Print the listing below exactly, images excluded.
(Data extract begins)
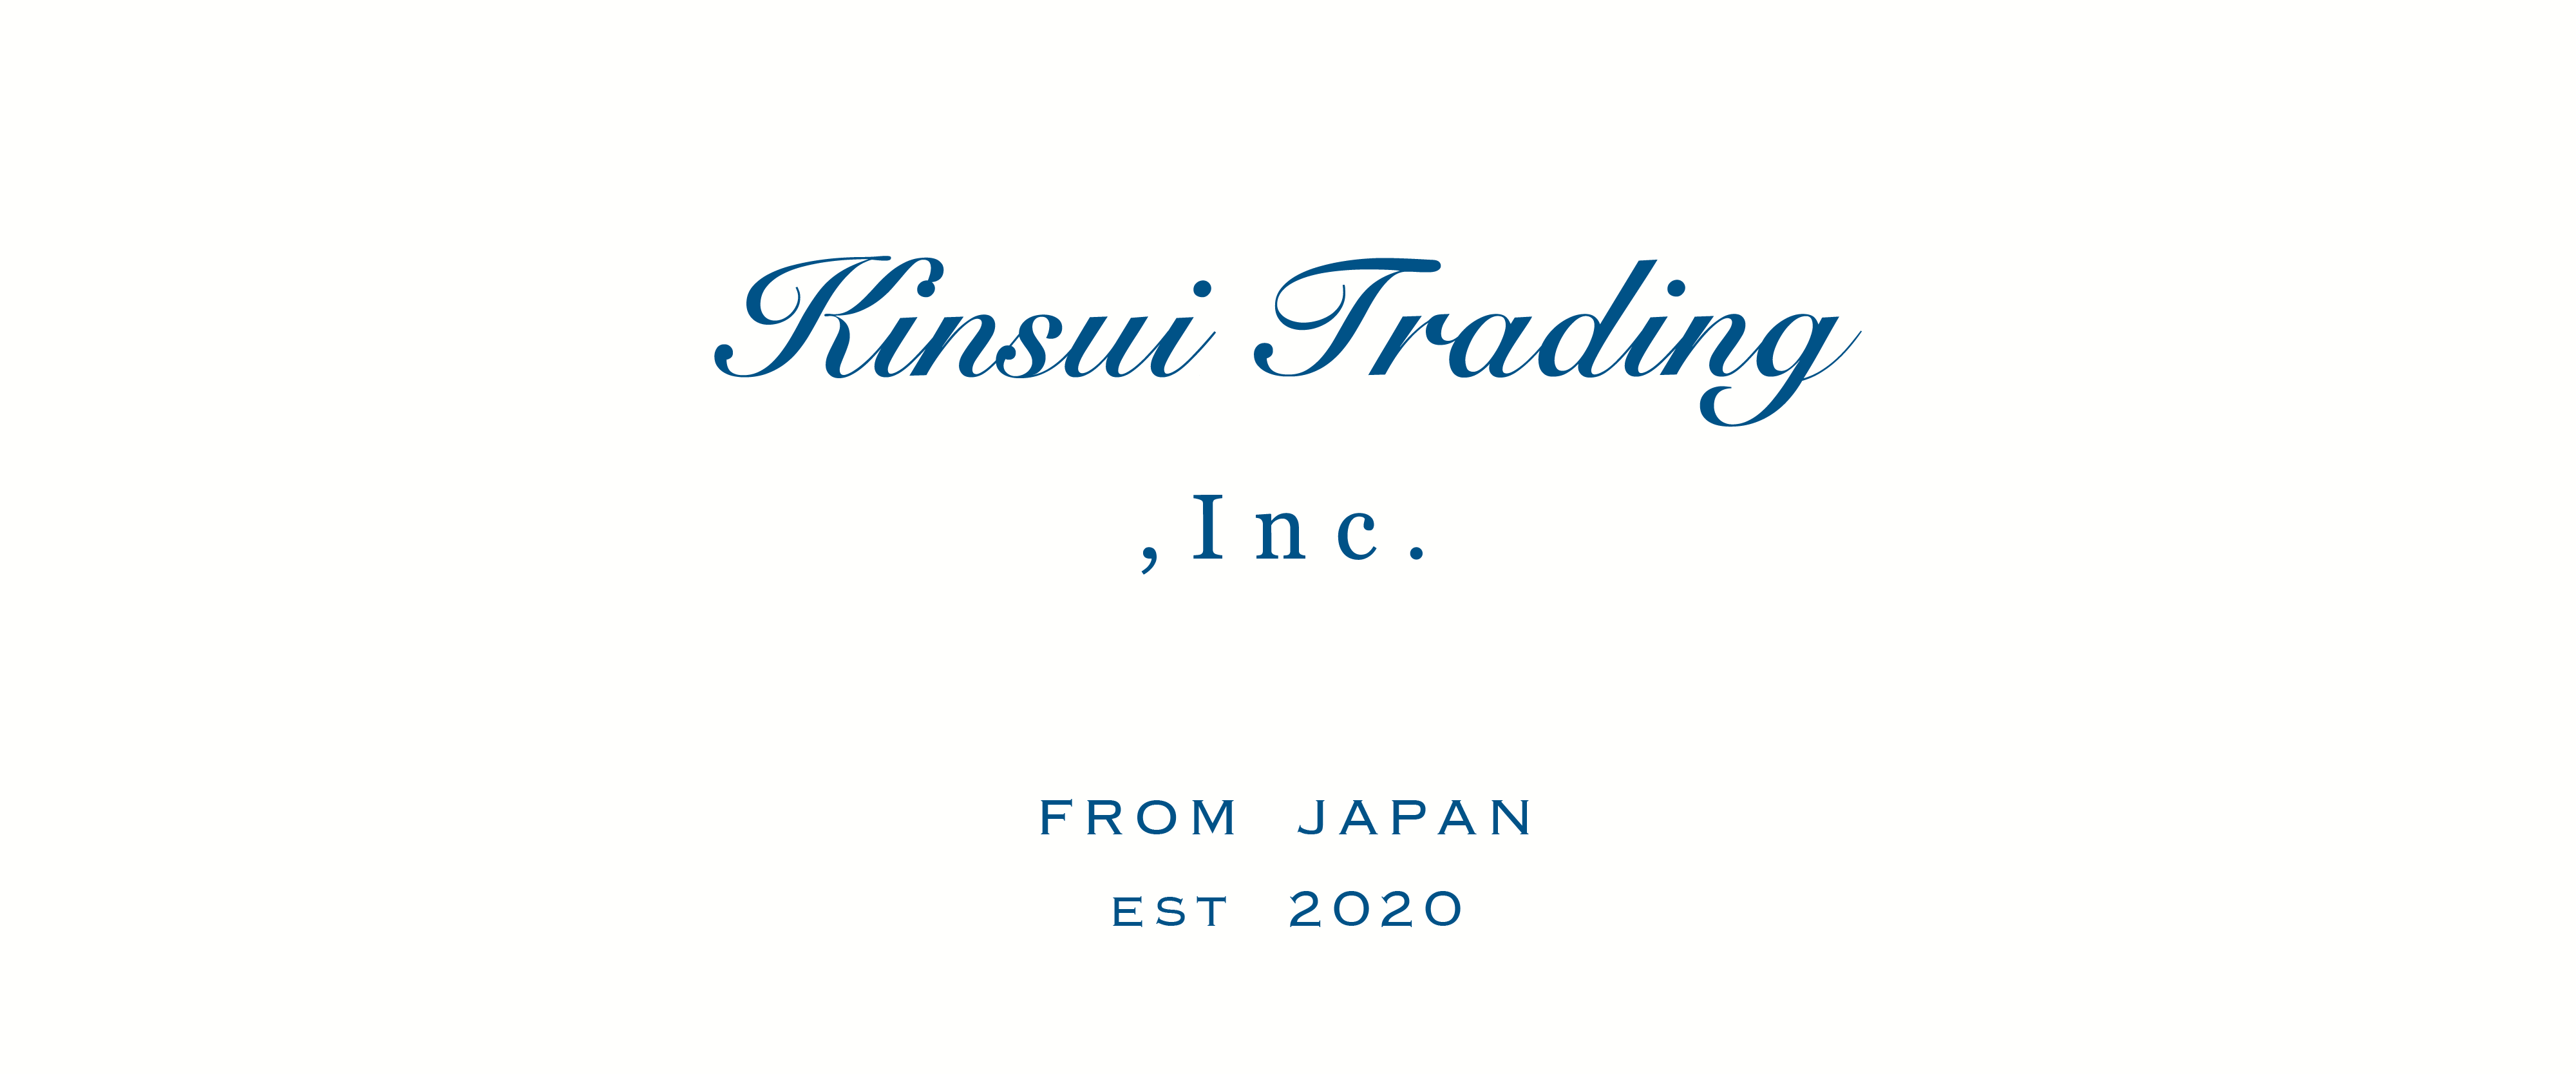 Kinsui Trading, Inc.
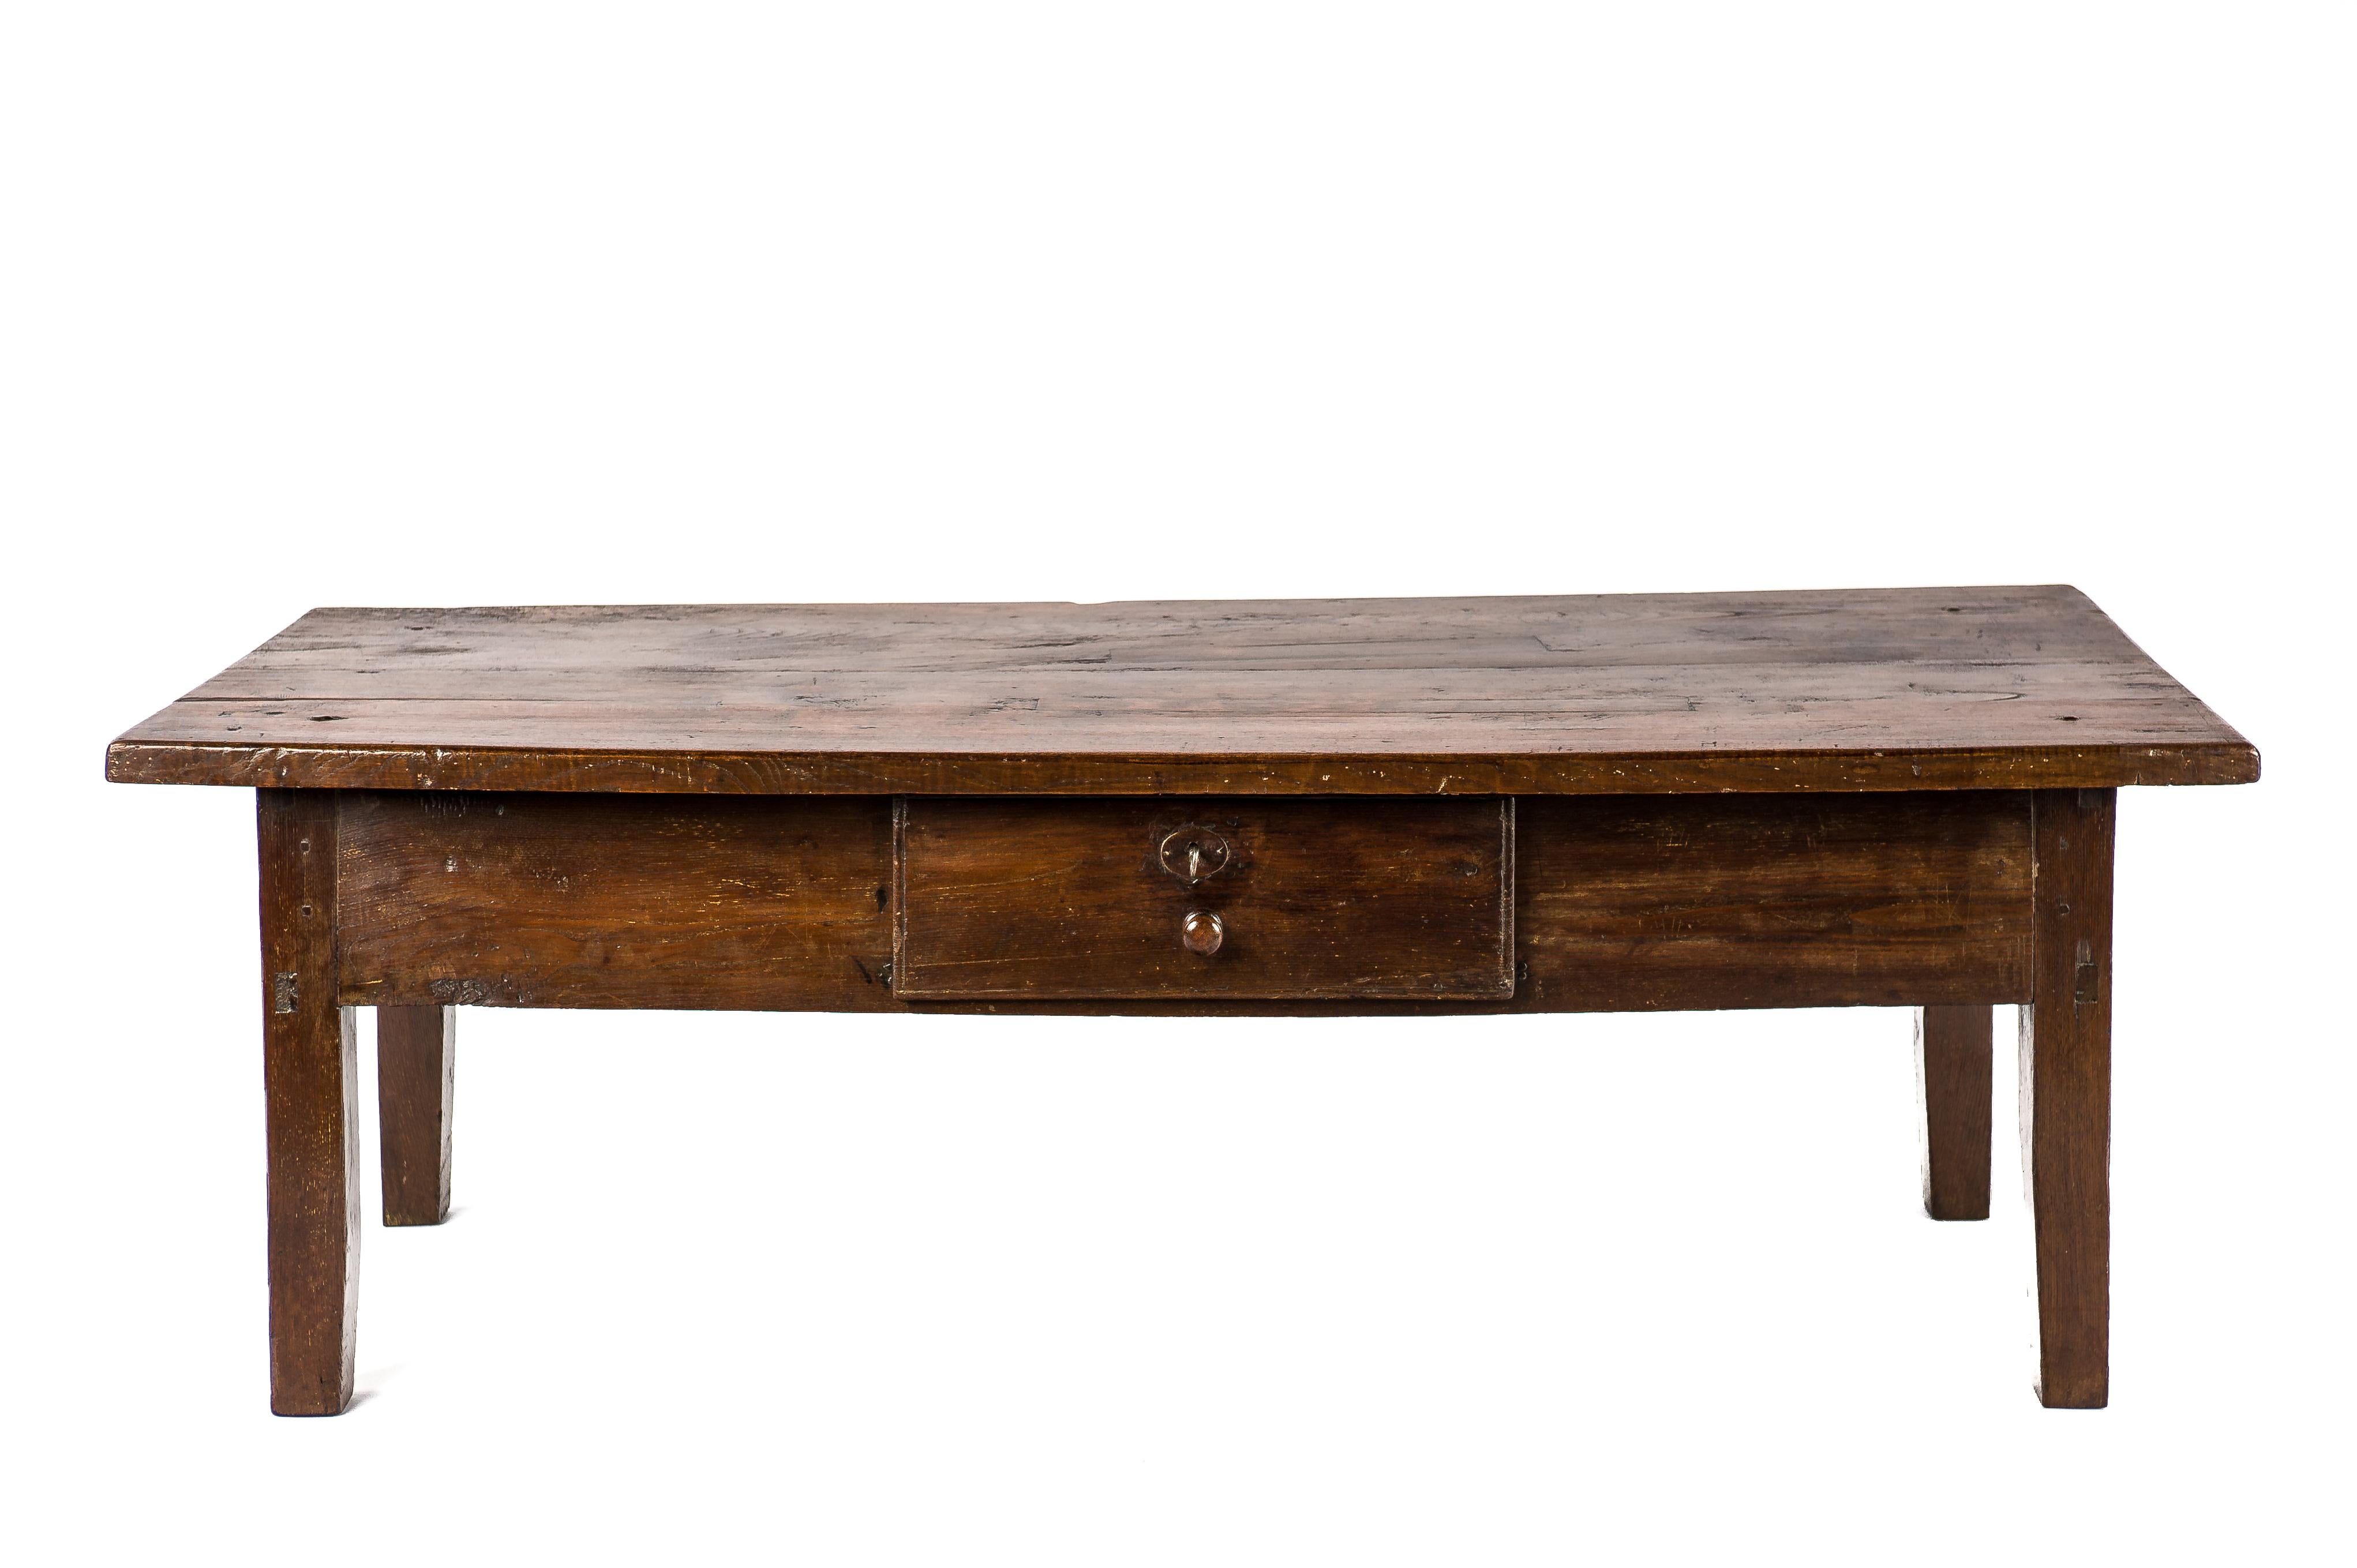 Cette belle table basse ou table basse rustique de couleur brun chaud provient de la campagne espagnole et date d'environ 1820. Le plateau de la table est fantastique et a été fabriqué à partir de deux planches de châtaignier massif d'une épaisseur
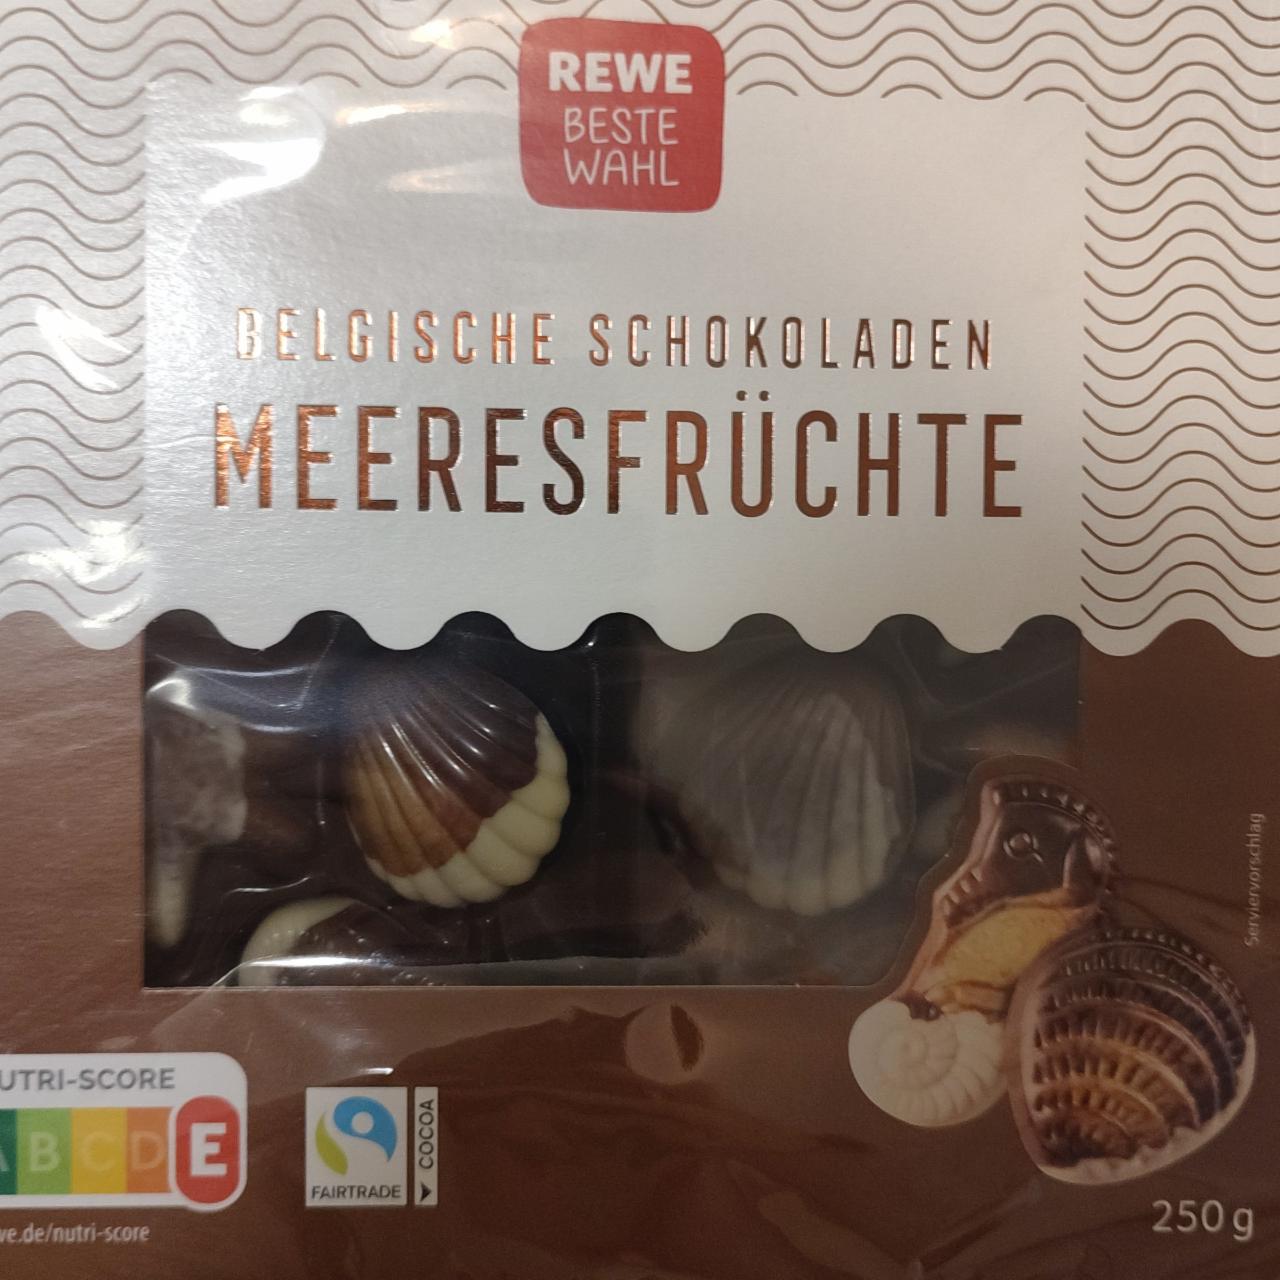 Фото - Belgische Schokoladen Meeresfrüchte Rewe beste wahl
(Data extract ends)
**Answer below:**
 Kinsui Trading, Inc.
 Cette belle table basse ou table basse rustique de couleur brun chaud provient de la campagne espagnole et date d'environ 1820. Le plateau de la table est fantastique et a été fabriqué à partir de deux planches de châtaignier massif d'une épaisseur
 Фото - Belgische Schokoladen Meeresfrüchte Rewe beste wahl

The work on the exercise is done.